On the border

Last week I met up in Brownsville, Texas, with youth from our high school program and several members of our church. Our mission was two-fold: help the small Brownsville church with some necessary repairs and cleanup, and support a rally near the border protesting the wall being built between Mexico and the United States. The rally was held on the University of Texas at Brownsville campus, and if all goes according to “plan,” the campus, along with countless private farms and communities along the frontier, will be bisected by the wall!

Not by plan, I arrived just as the cleanup operation at the Brownsville All Souls Unitarian Church was ending. I was so proud of the work our youth did: power-sanding doors, pulling up ancient linoleum, filling a dumpster with debris. Someone told me that the church hadn’t looked that good in years. It was also a delight sharing worship with the small congregation on Sunday morning where I delivered the sermon and led the hymns on guitar. I was even invited to sing my favorite Peter Mayer song, “Everything’s Holy Now,” for the offertory, something I’ve not done in a few years.

 

At the rally I also spoke, but it was a deliberate political speech and not a sermon. It made me think about the interview I had had earlier in the week with some young filmmakers working on a documentary about the separation of church and state. Isn’t speaking out on a political issue mixing the two? Should clergy get involved with politics?

A. Powell Davies, an outspoken leader on the separation of church and state, made a clear distinction between speaking out on social injustice as a community religious leader and bringing partisan politics into the church. As a prominent social activist for civil liberties, government accountability, civilian control of atomic energy, family planning, and desegregation, he was never shy about jumping into the moral issues of his time. But bringing partisan politics into the church threatens to erode the moral ground on which the church must stand. That’s why you’ll never hear me asking you to endorse a candidate or party, or even talking about my own opinions on such, from the pulpit.
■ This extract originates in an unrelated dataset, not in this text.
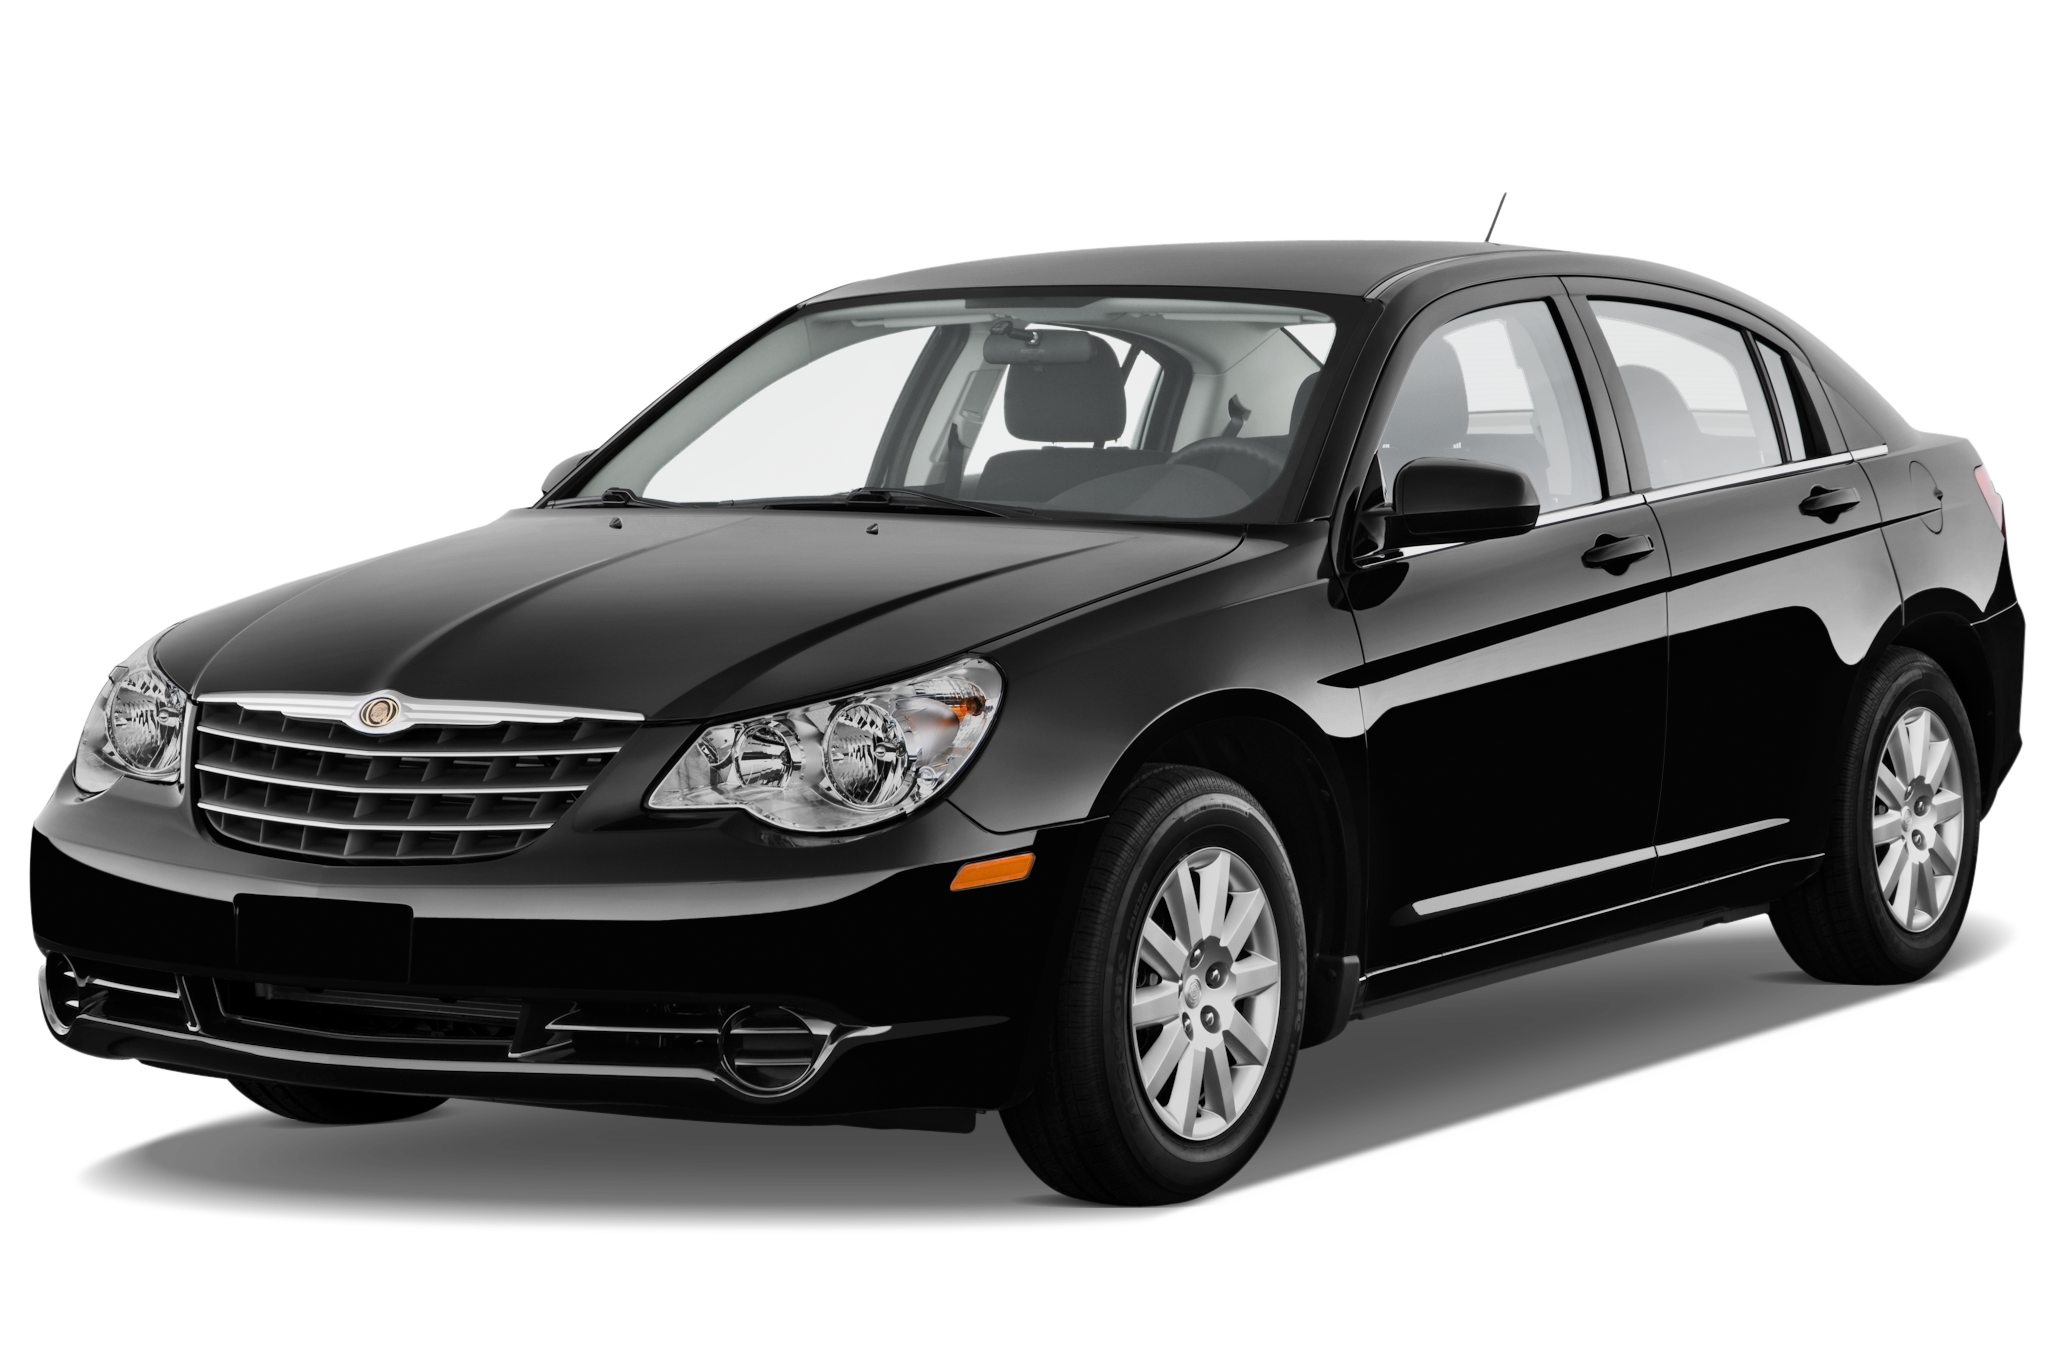 2010 Chrysler Sebring Pictures, Prices and Reviews - Driverbase

It’s every citizen’s duty to watch for the issues that will move him or her to action, and in the coming months — as our church deepens its commitment to social justice through house meetings, actions, and community outreach — I encourage all of us to pick one or two actions that stir compassion in our hearts toward others. Social justice is not just an option for our religious life, it is essential to it so that all people may have a chance to live in safety and economic freedom.